## Data section

=======

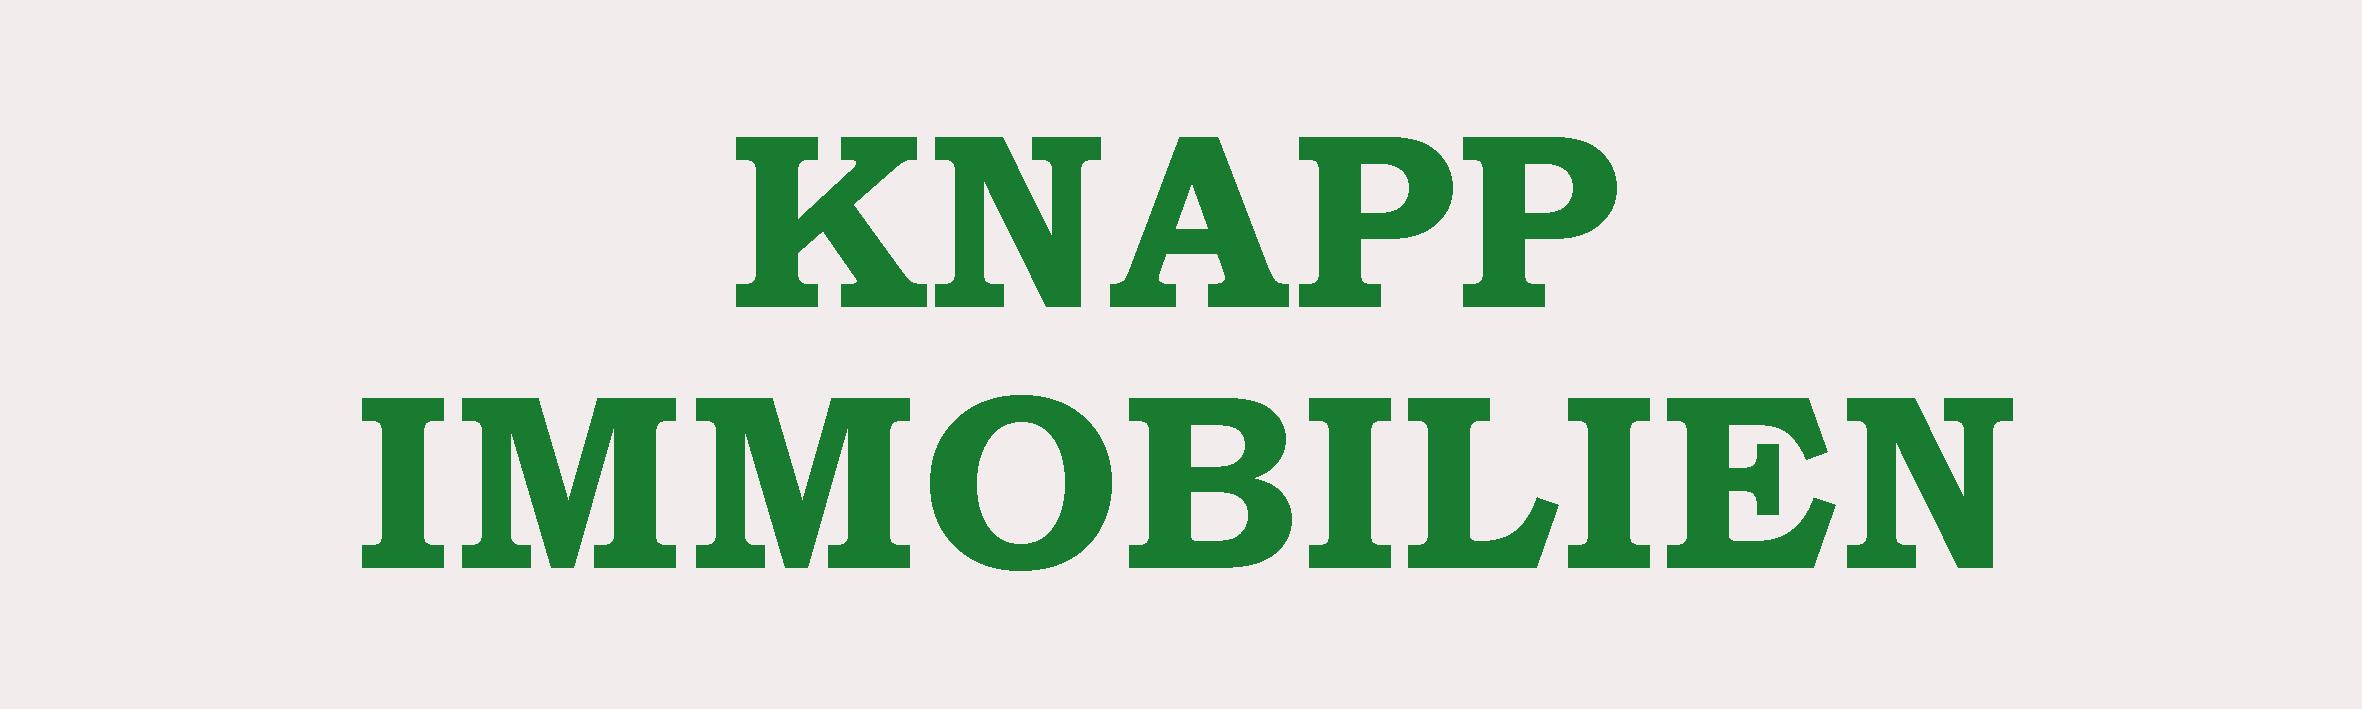 Hier sehen Sie das Logo von Knapp Immobilien
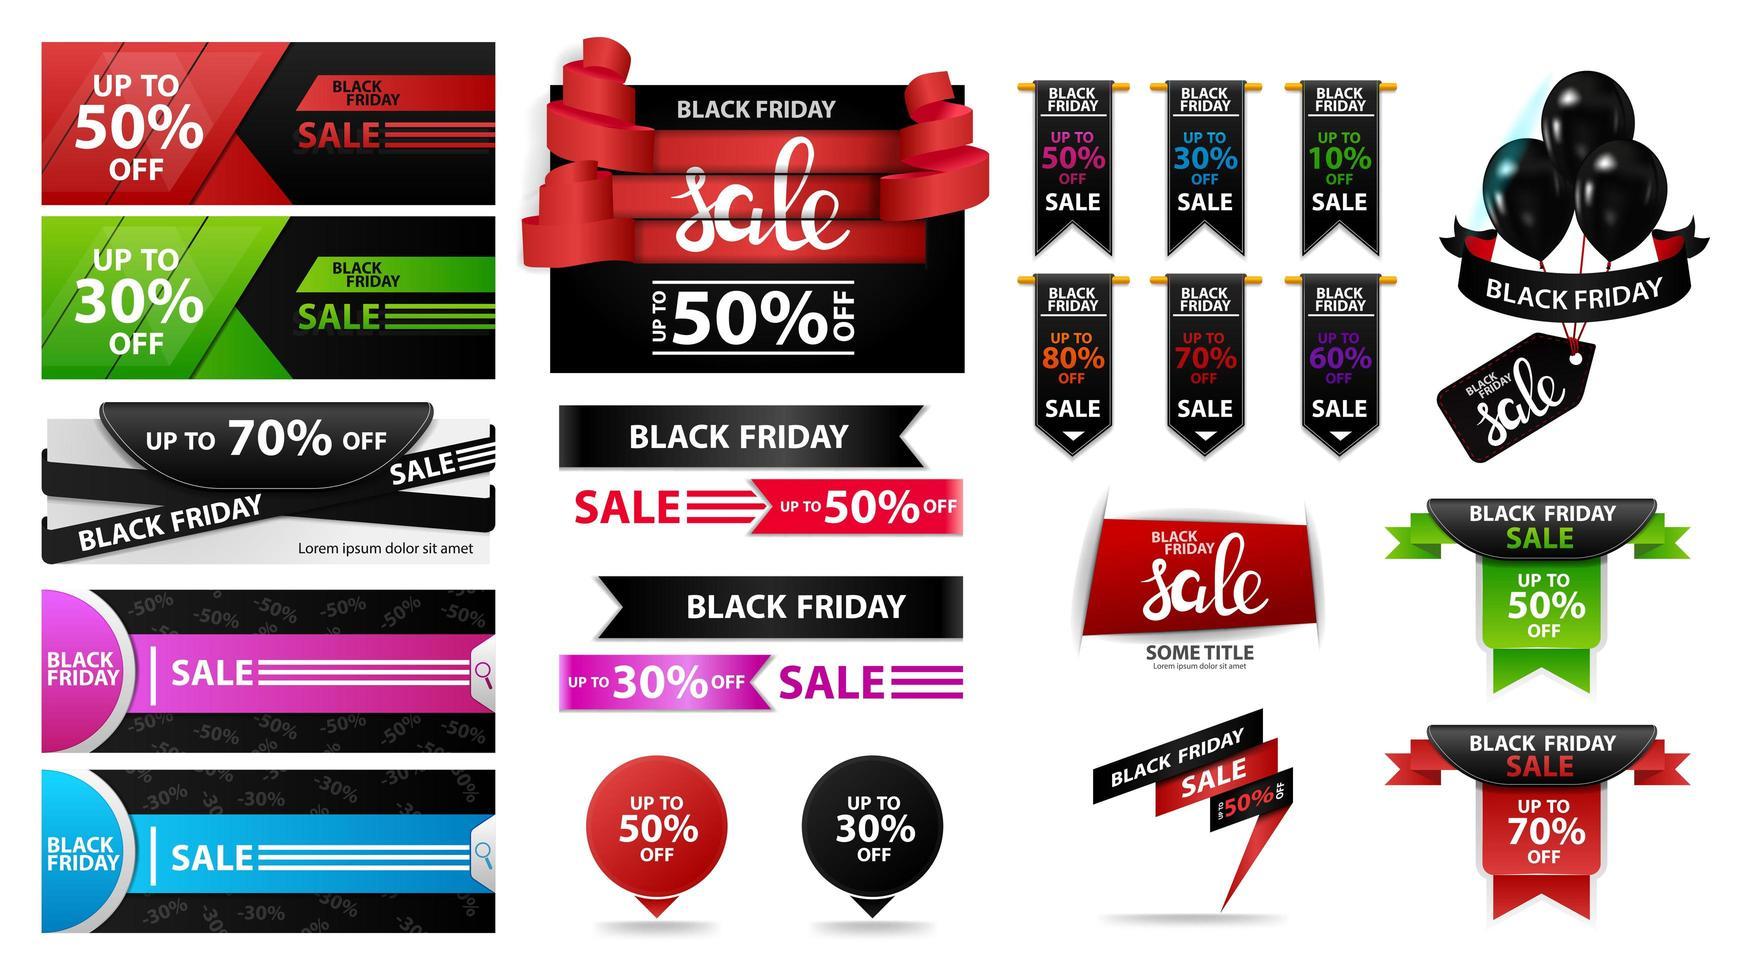 stor uppsättning svart fredag rabatt försäljning banners vektor
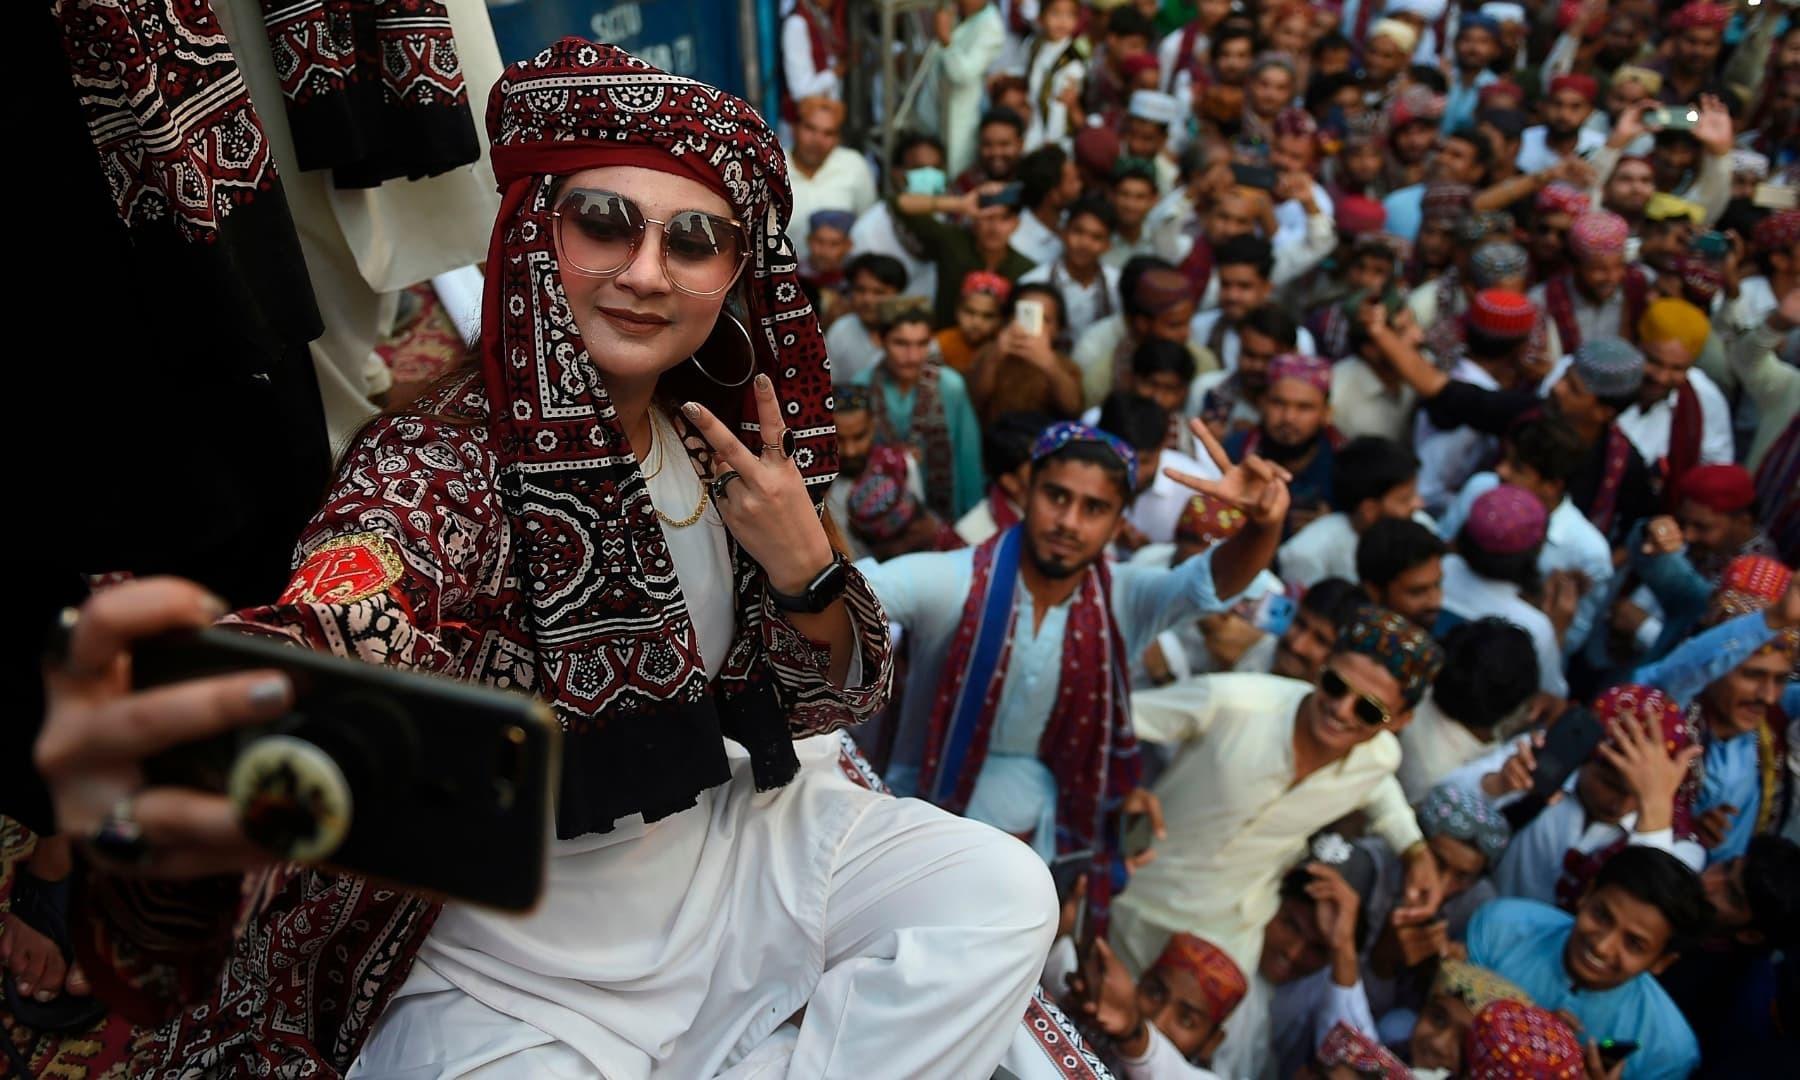 سندھی کلچرل ڈے کے موقع پر شہریوں کاجوش قابل دید تھا—فوٹو: اے ایف پی

=======

## The problem
Repeat the material exactly, without images.

## Solution to the problem
 Hier sehen Sie das Logo von Knapp Immobilien
 stor uppsättning svart fredag rabatt försäljning banners vektor
 سندھی کلچرل ڈے کے موقع پر شہریوں کاجوش قابل دید تھا—فوٹو: اے ایف پی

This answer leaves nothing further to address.